20

I have the following query

SELECT Count(*) as Total_Count, Col1 
FROM Table1 
GROUP BY Col1 
ORDER BY Total_Count DESC;

I want to zoom in on Col1. The data in Col1 are in the following format:

text-abc1
txt4-abcde22
tex6-abc2
text4-imp4
text-efg1
txt-efg43

I want to be able to group it by

After the first `-`, any first three/four/five characters match

In this example, if we match with first 3 characters. Output will be:

Total_Count   Col1
3             abc
1             imp
2             efg

Any other way to achieve this?

theking963
  • 2,223
  • 7
  • 28
  • 42

5 Answers5

18

You might not need a regex, just string operations. For three characters:

SELECT count(*) AS Total_Count,
SUBSTRING(Col1 FROM POSITION('-' in Col1)+1 FOR 3) AS Col1_zoomed
FROM Table1
GROUP BY Col1_zoomed
ORDER BY Total_Count DESC
Ian Clelland
  • 43,011
  • 8
  • 86
  • 87
  • This is the right one. Thanks for it. But `abcd-1234` needs to be `Col1`. Please change it so I can accept it :). – theking963 Nov 25 '11 at 19:49
  • 1
    @daking963 As if this answer doesn't help you when one thing is spelled differently? Picky, picky! :-p – Wiseguy Nov 25 '11 at 19:53
  • 1
    @Wiseguy It's not about being picky. It's for the correctness of the answer and a future reference for others. I am sure they can figure it out that instead of the string it should be the column name. It's just a typo, Ian can change it easily. To improve the overall quality of the site, in my opinion, these little things matter a lot! – theking963 Nov 25 '11 at 19:58
  • Done :) Sorry, it was my sample data from shell-testing – Ian Clelland Nov 25 '11 at 20:22
4
select
substring(substring_index(col1,'-',-1),1,3) as grp,
count(*) as total
from table
group by grp
Nicola Cossu
  • 54,599
  • 15
  • 92
  • 98
1

I wanted to answer the question "MySQL GROUP by Regex?" as the answers here address the problem provided.

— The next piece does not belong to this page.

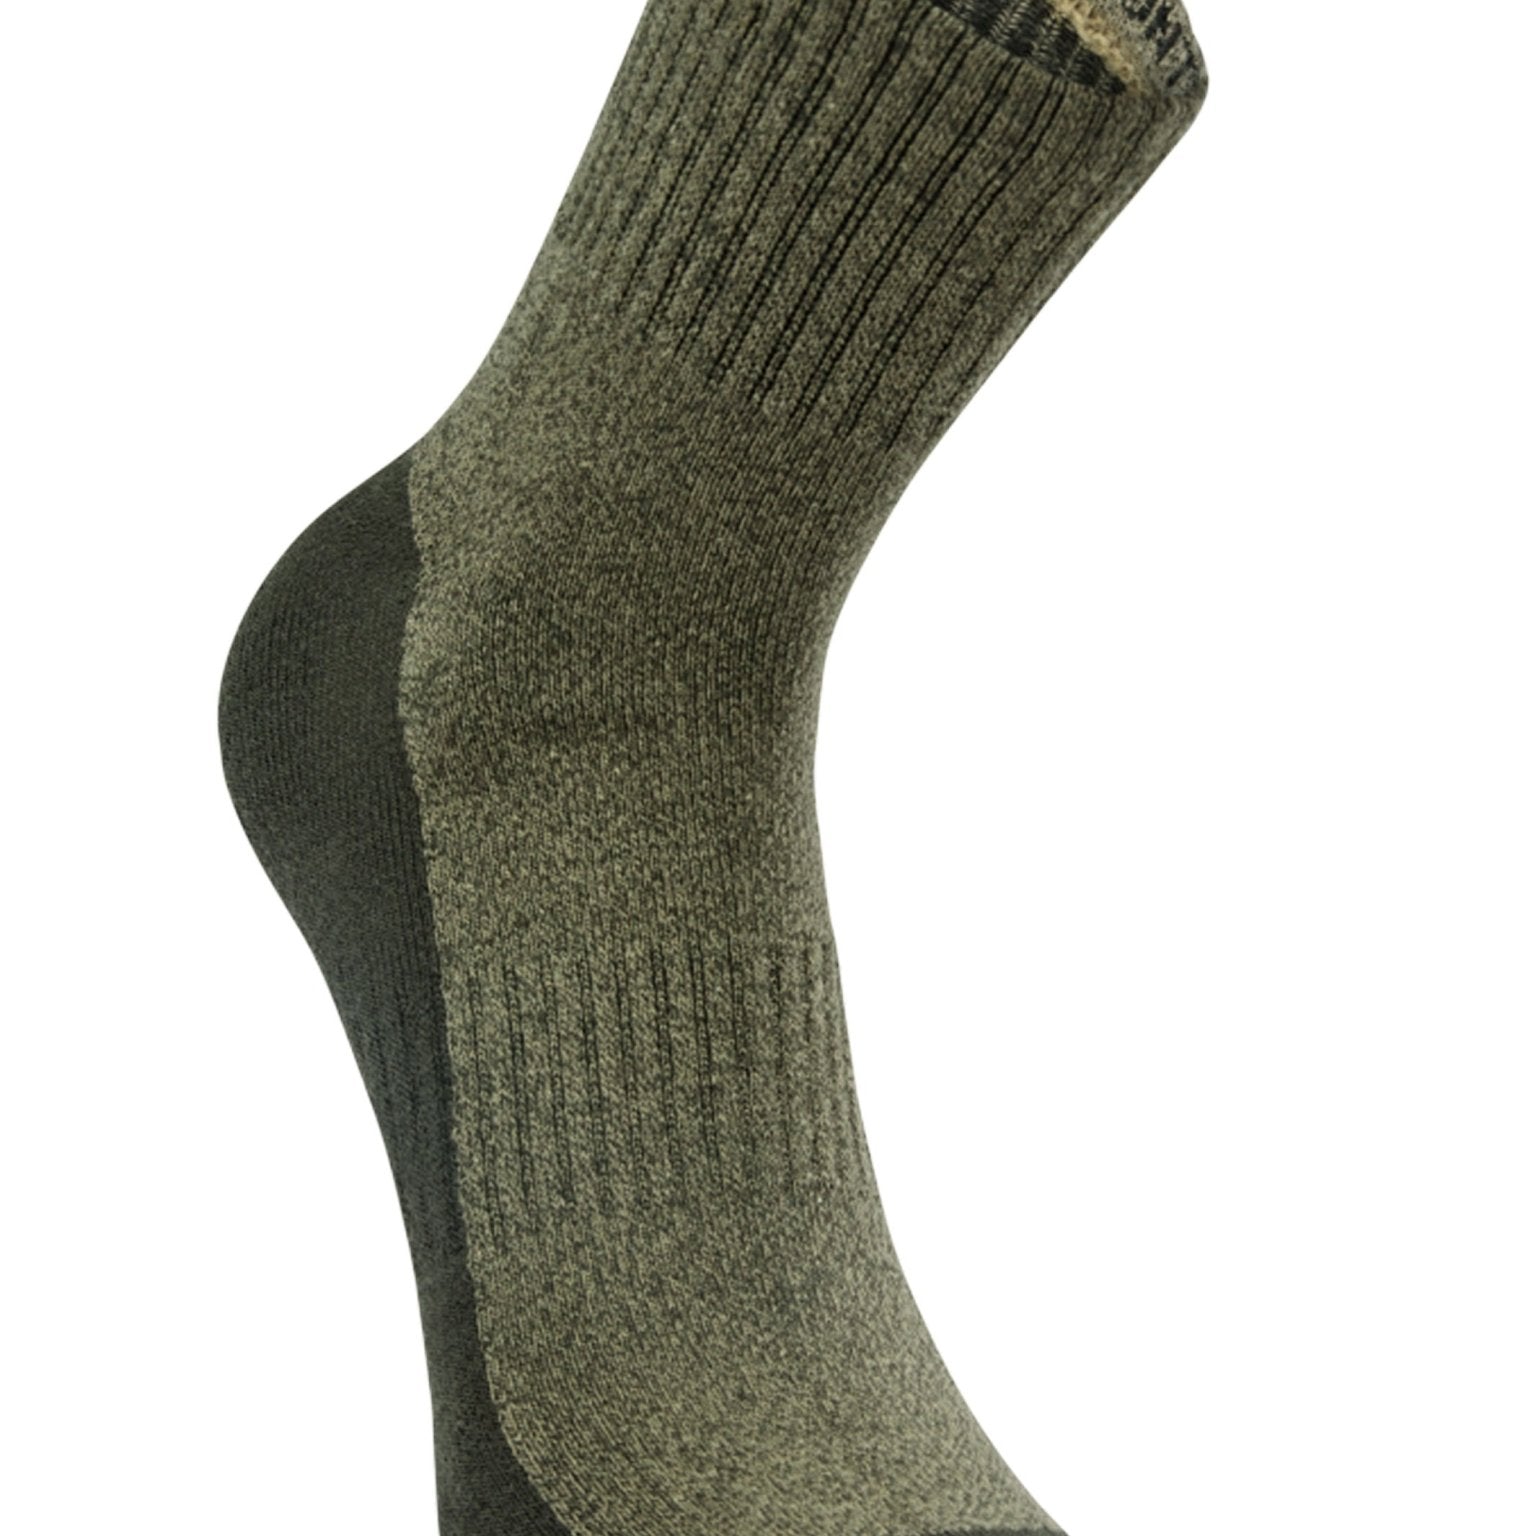 4elementsclothingDeerhunterDeerhunter - Hemp Mix Ankle Socks - Terry sole for comfort and shock absorption Ribbed arch supportSocks8304-331-3639

You can group by REGEXP with the REGEXP_SUBSTR() function.

REGEXP_SUBSTR(expr, pat[, pos[, occurrence[, match_type]]])

Returns the substring of the string expr that matches the regular expression specified by the pattern pat, NULL if there is no match. If expr or pat is NULL, the return value is NULL.

For example:

SELECT 
    *
FROM
    YOUR_TABLE
GROUP BY REGEXP_SUBSTR(YOUR_COLUMN, 'YOUR REGEXP');

Reference: https://dev.mysql.com/doc/refman/8.0/en/regexp.html#function_regexp-substr

Jon
  • 1,954
  • 1
  • 15
  • 13
1

This should do what you want.

SELECT Count(*) as Total_Count, SUBSTRING(Col1, 1, 3)
FROM Table1 
GROUP BY SUBSTRING(Col1, 1, 3) 
ORDER BY Total_Count DESC;
Adrian Cornish
  • 23,227
  • 13
  • 61
  • 77
  • `SUBSTRING(Col1, 1, 3)` won't work in this case as I need to match characters after the `-`. Before the `-` there could be any number of characters. – theking963 Nov 25 '11 at 19:45
  • I misread your question - I thought you wanted the first 3. Ian's answer is better then – Adrian Cornish Nov 25 '11 at 19:46
0
SELECT Count(*) as Total_Count, Col1, REGEXP_SUBSTR(Col1, '[a-z0-9]*', 0, 2) as Col1_combined 
FROM Table1 
GROUP BY REGEXP_SUBSTR(Col1, '[a-z0-9]*', 0, 2) 
ORDER BY Total_Count DESC;

REGEXP_SUBSTR returns the string matching the given regular expression [a-z0-9] starting from position 0 in text and return the 2 occurrence. Documentation for REGEXP_SUBSTR

REGEXP_SUBSTR(<column_name>, <regular_expression>, <starting_position>, <match_occurrence>)

Yashashvi
  • 340
  • 3
  • 12